Instructions to follow: Set every record down verbatim and omit the pictures.

[Dataset items]
====================
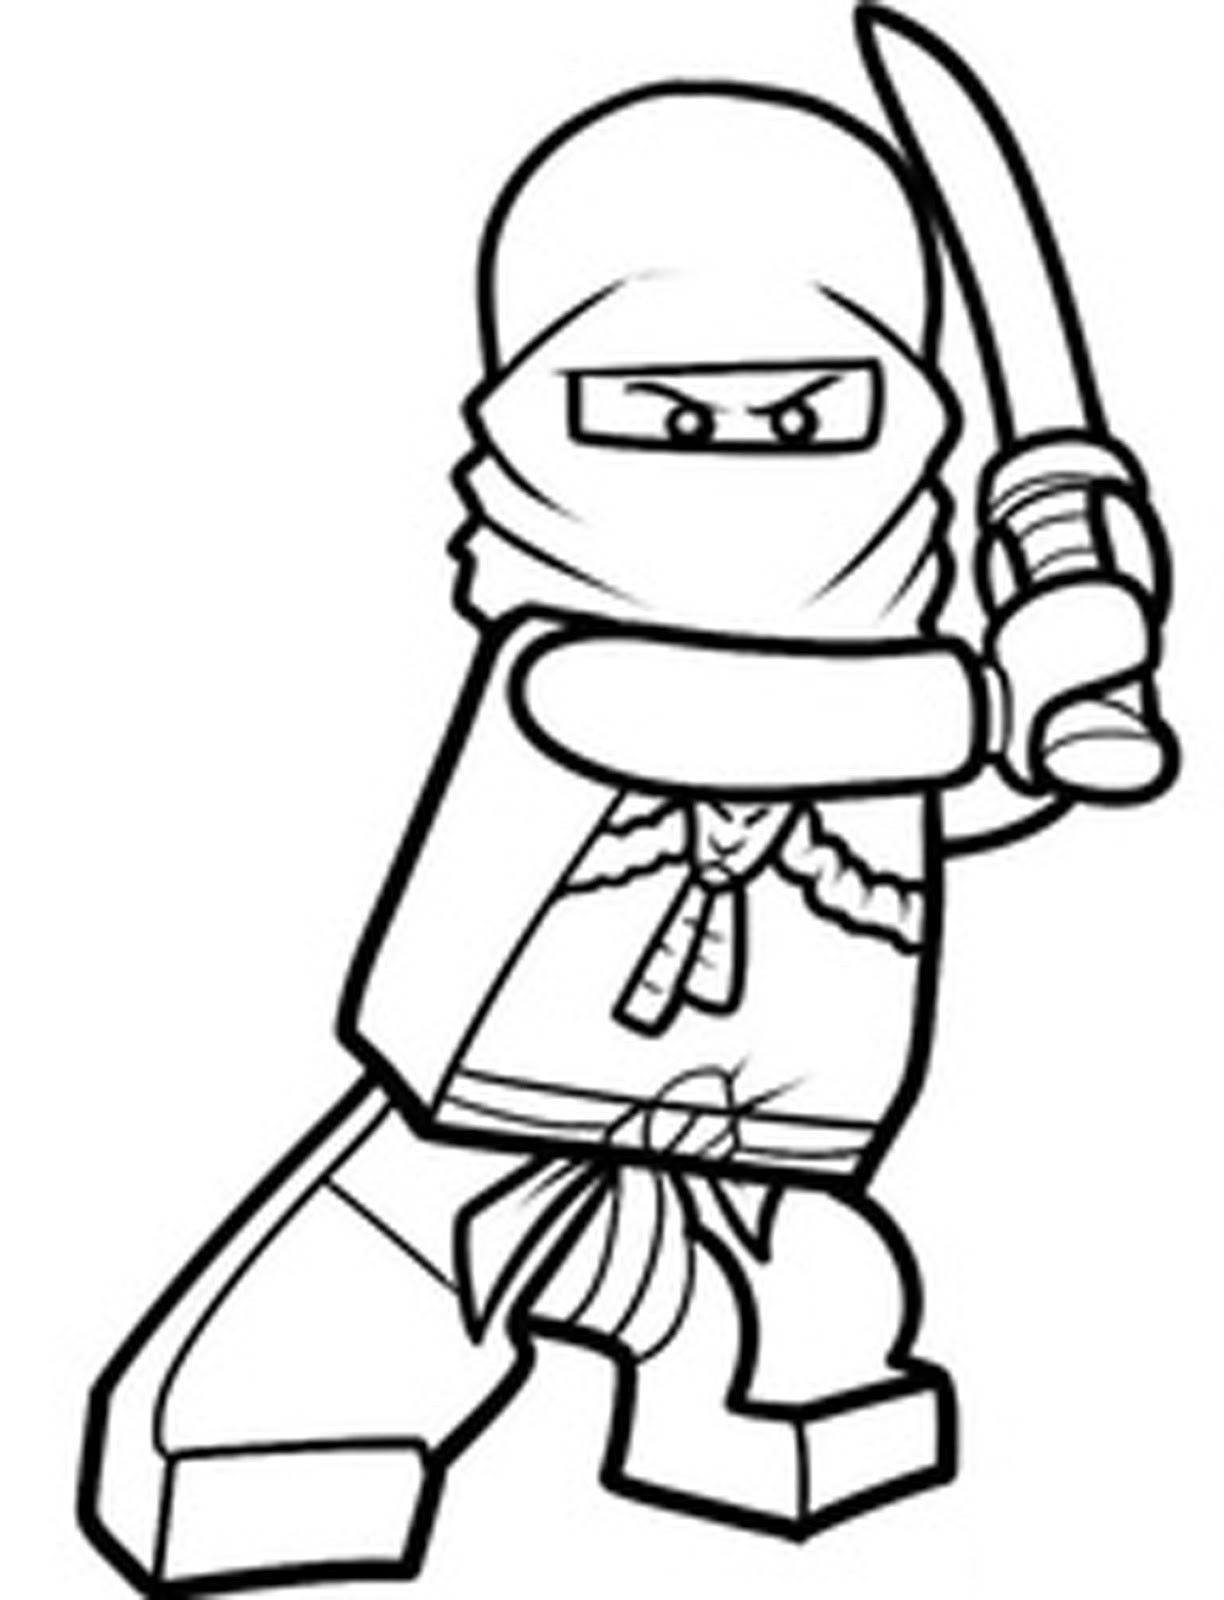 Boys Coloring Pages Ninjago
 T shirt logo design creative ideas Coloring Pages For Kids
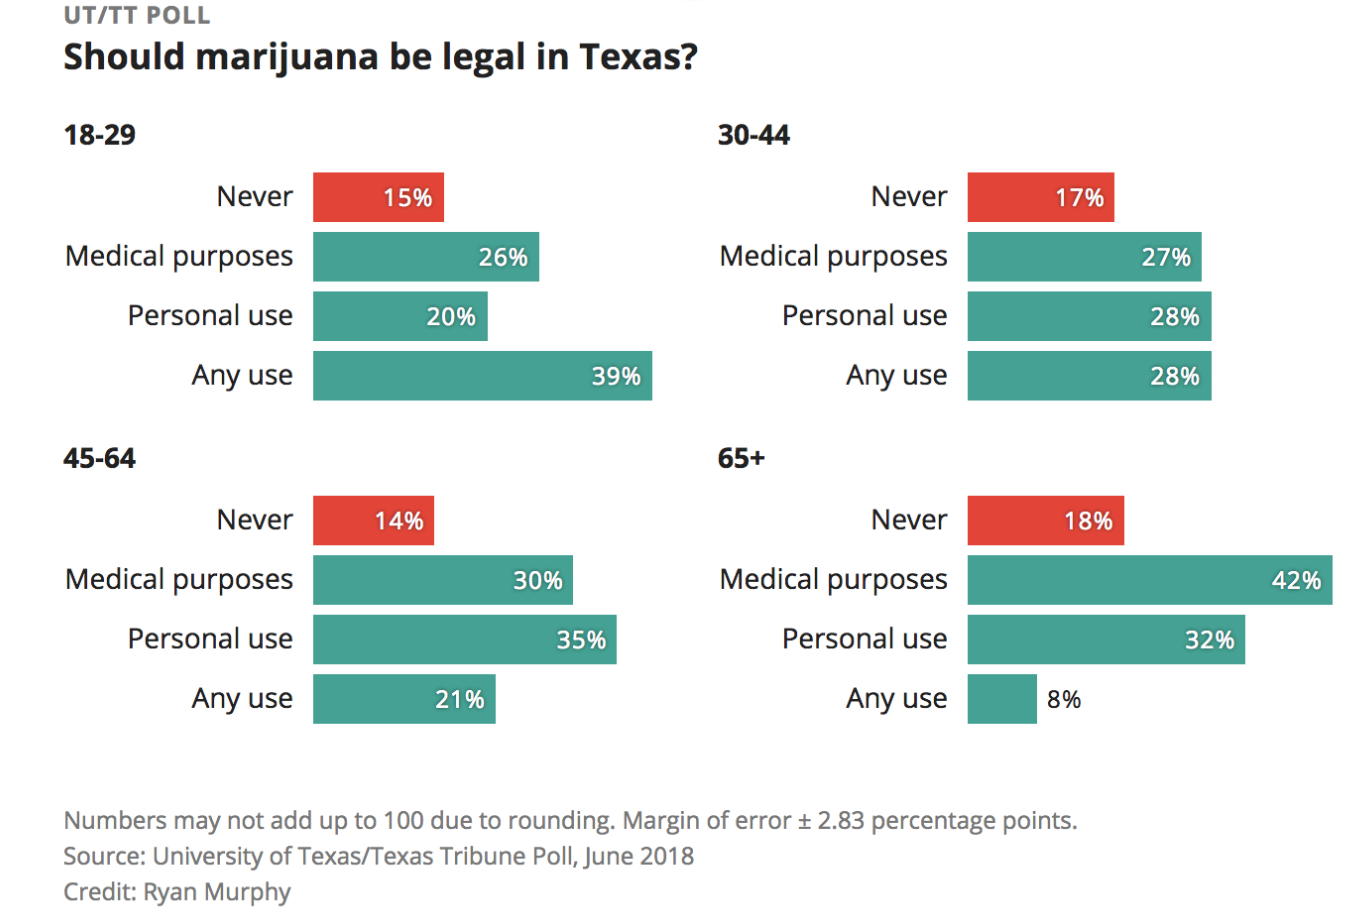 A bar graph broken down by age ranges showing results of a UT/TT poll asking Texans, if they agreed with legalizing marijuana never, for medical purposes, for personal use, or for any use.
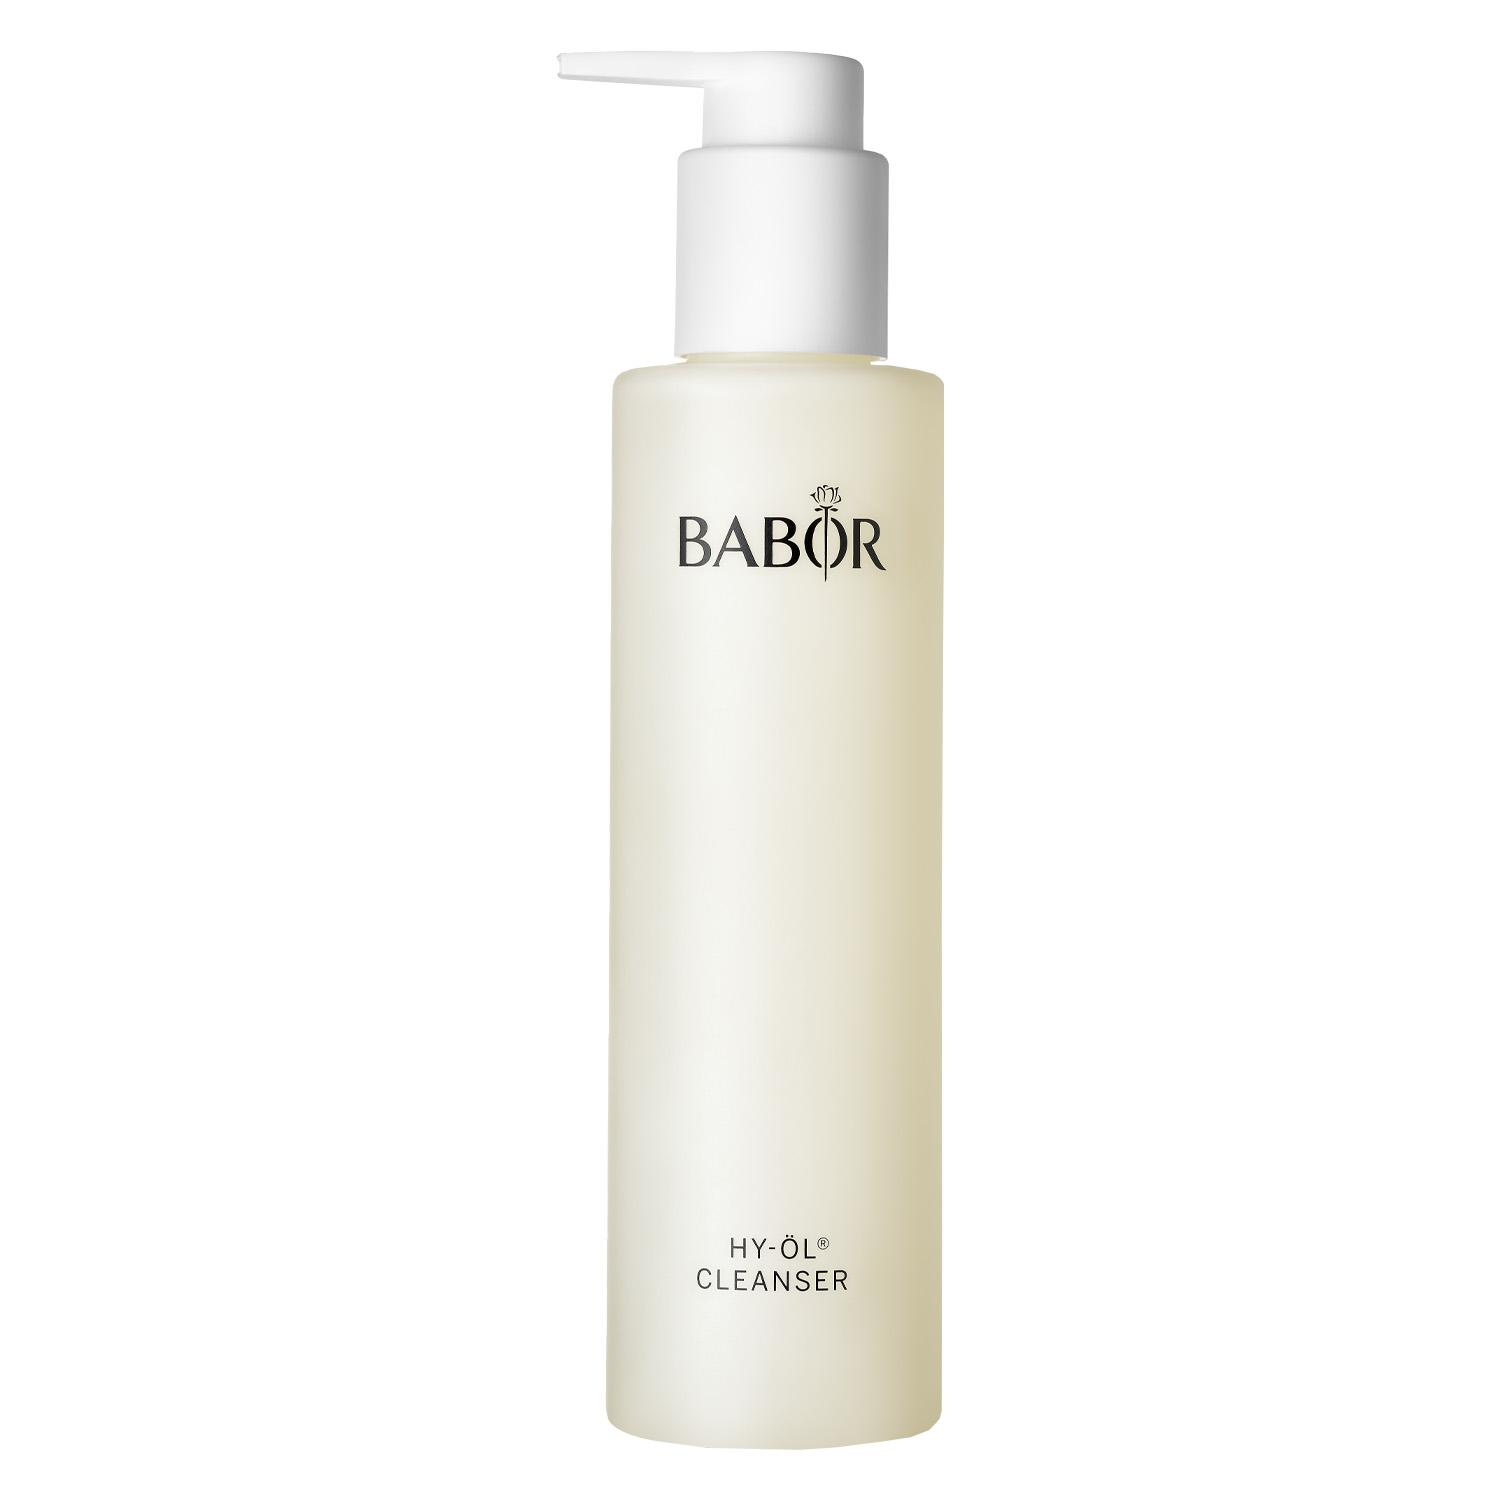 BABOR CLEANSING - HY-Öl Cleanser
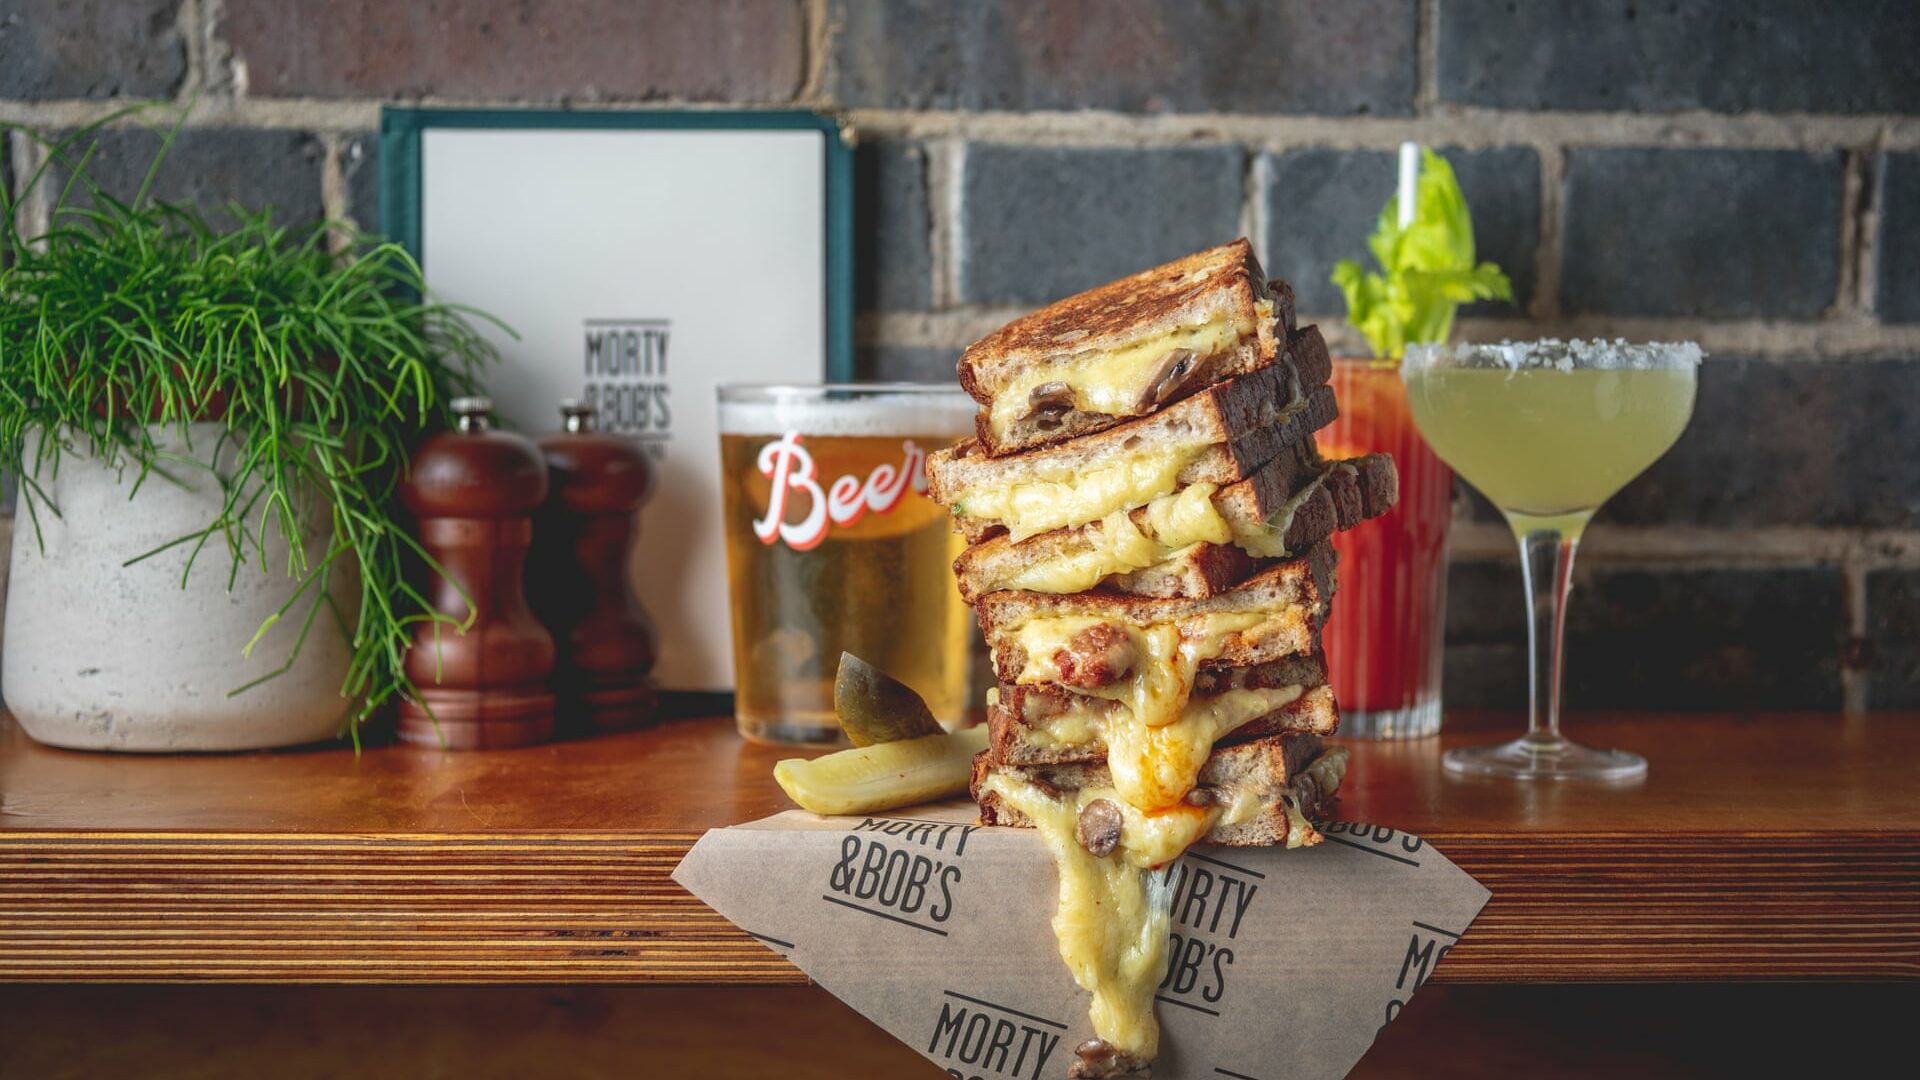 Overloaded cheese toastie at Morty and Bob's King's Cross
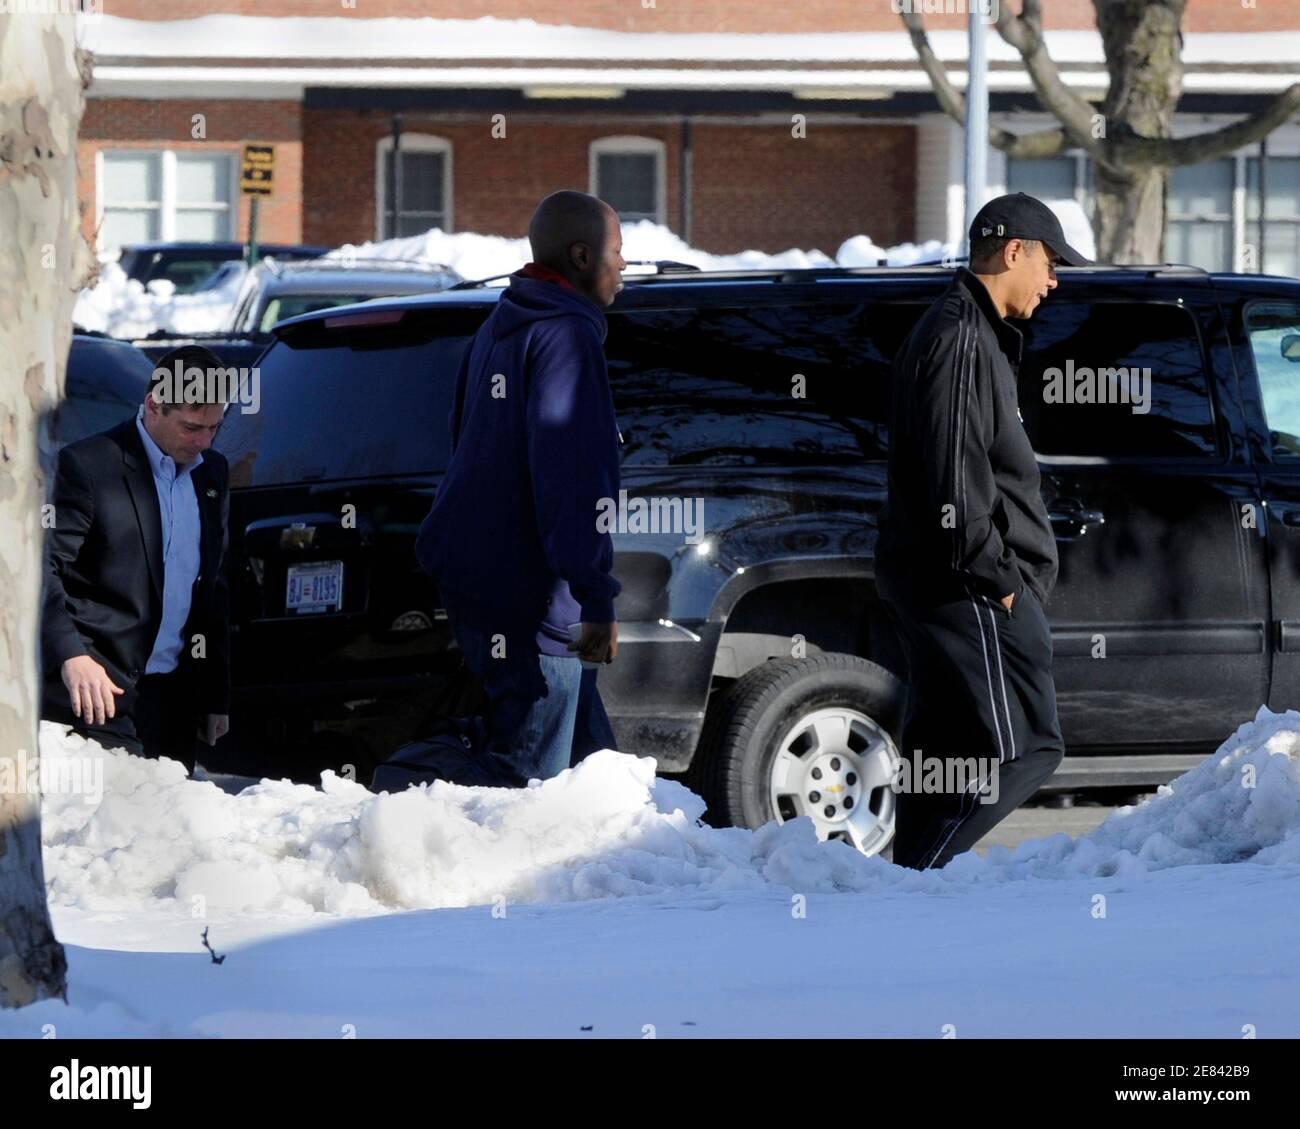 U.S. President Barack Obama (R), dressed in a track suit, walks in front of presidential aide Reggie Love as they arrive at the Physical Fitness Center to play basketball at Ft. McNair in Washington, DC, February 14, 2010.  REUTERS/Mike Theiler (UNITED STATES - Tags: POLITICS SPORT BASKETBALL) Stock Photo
====================
Solution for this exercise:
 Boys Coloring Pages Ninjago
 T shirt logo design creative ideas Coloring Pages For Kids
 A bar graph broken down by age ranges showing results of a UT/TT poll asking Texans, if they agreed with legalizing marijuana never, for medical purposes, for personal use, or for any use.
 BABOR CLEANSING - HY-Öl Cleanser
 Overloaded cheese toastie at Morty and Bob's King's Cross
 U.S. President Barack Obama (R), dressed in a track suit, walks in front of presidential aide Reggie Love as they arrive at the Physical Fitness Center to play basketball at Ft. McNair in Washington, DC, February 14, 2010.  REUTERS/Mike Theiler (UNITED STATES - Tags: POLITICS SPORT BASKETBALL) Stock Photo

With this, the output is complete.